US-Verteidigungsminister Pete Hegseth hat am Donnerstag den Militäreinsatz „Southern Spear“ (Südlicher Speer) verkündet, der sich gegen „Narko-Terroristen“ in Lateinamerika richtet. Dazu wurde auch der modernste Flugzeugträger des US-Militärs, die „USS Gerald R. Ford“, aus dem Mittelmeer in die Karibik verlegt. Eben wurde, zum ersten Mal seit 2014, ein Öltanker vor der Küste Venezuelas, der Öl aus Venezuela und Iran transportierte, durch US-Streitkräfte aufgebracht und beschlagnahmt.

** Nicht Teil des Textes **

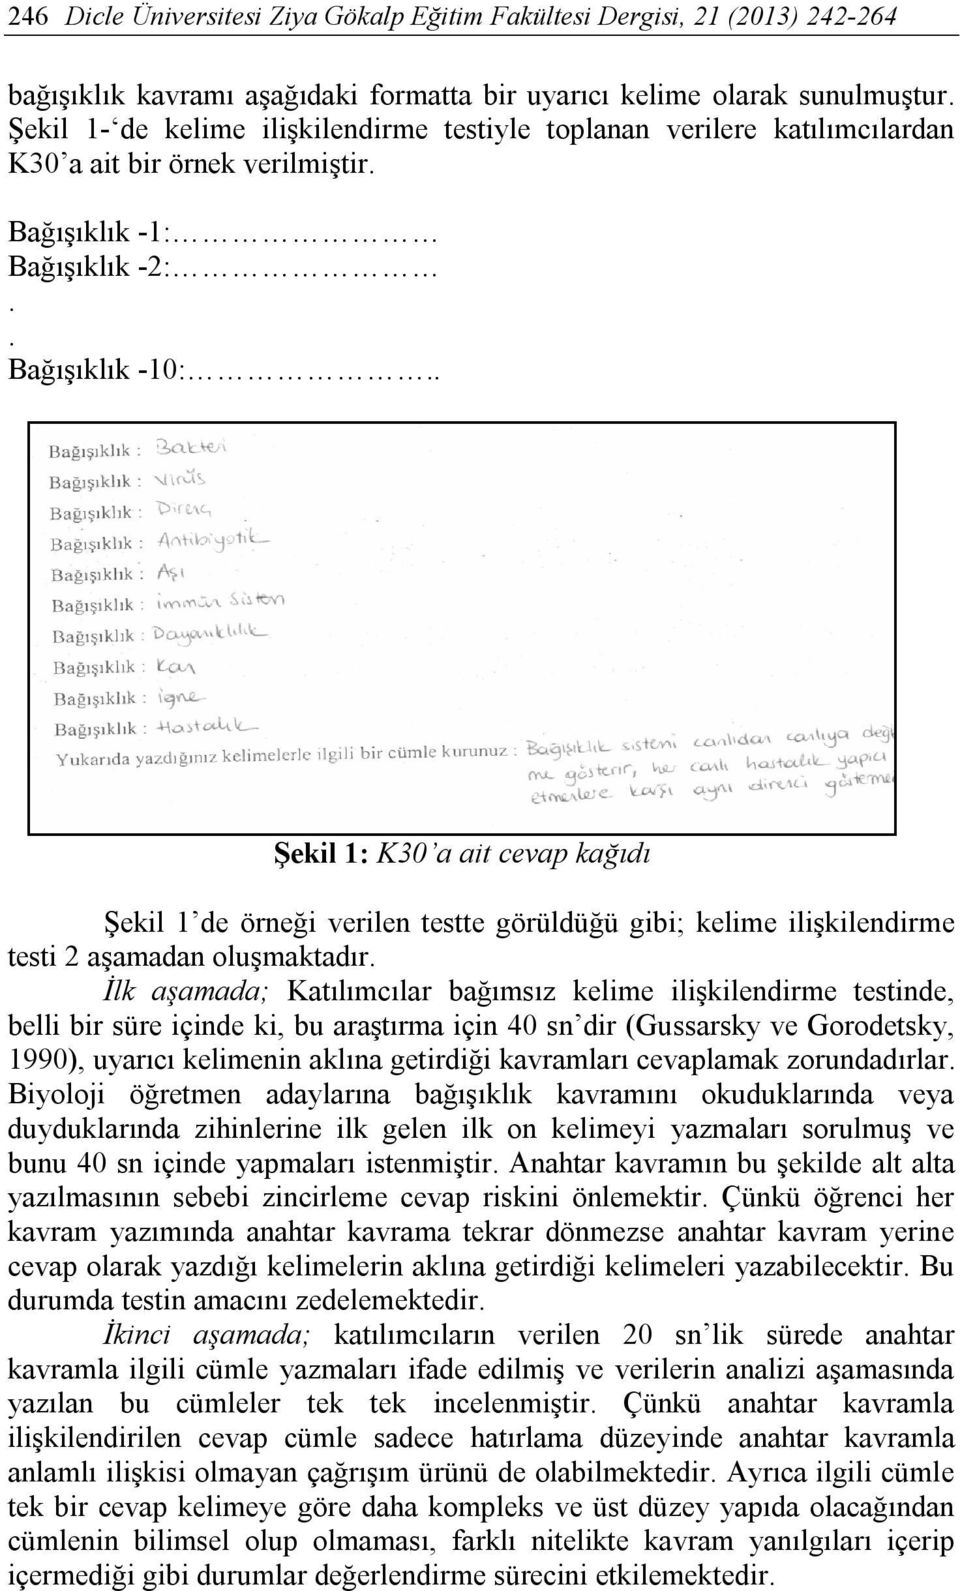 İlk aşamada; Katılımcılar bağımsız kelime ilişkilendirme testinde, belli bir süre içinde ki, bu araştırma için 40 sn dir (Gussarsky ve Gorodetsky, 1990), uyarıcı kelimenin aklına getirdiği kavramları

US-Präsident Donald Trump hat erklärt, die Zeit, in der das Maduro-Regime die westliche Hemisphäre destabilisieren konnte, sei vorüber. Denn wer glaubt, es gehe nur darum, den Drogenschmuggel in die USA zu verhindern, verkennt die Lage: Das eigentliche, viel größere Problem ist die Tatsache, dass Venezuela mit Amerikas Feinden verbündet ist: Iran, Kuba, China und Russland. Die Druckkampagne wurde gestartet, um das Regime zu isolieren. Sanktionen und eben auch militärische Maßnahmen sollen die Fähigkeit der venezolanischen Regierung, ihre Geschäfte wie gewohnt zu führen, dramatisch einschränken.

Mit Chávez fing es an

Die Beziehungen zwischen den Vereinigten Staaten und Venezuela sind seit Jahrzehnten von tiefen Konflikten geprägt. Alles begann 1998 mit der Wahl von Hugo Chávez zum Präsidenten Venezuelas, der eine enge Allianz mit Ländern wie Kuba, Iran und Russland pflegte, die Washington als Bedrohung seiner Einflusssphäre in Lateinamerika ansah.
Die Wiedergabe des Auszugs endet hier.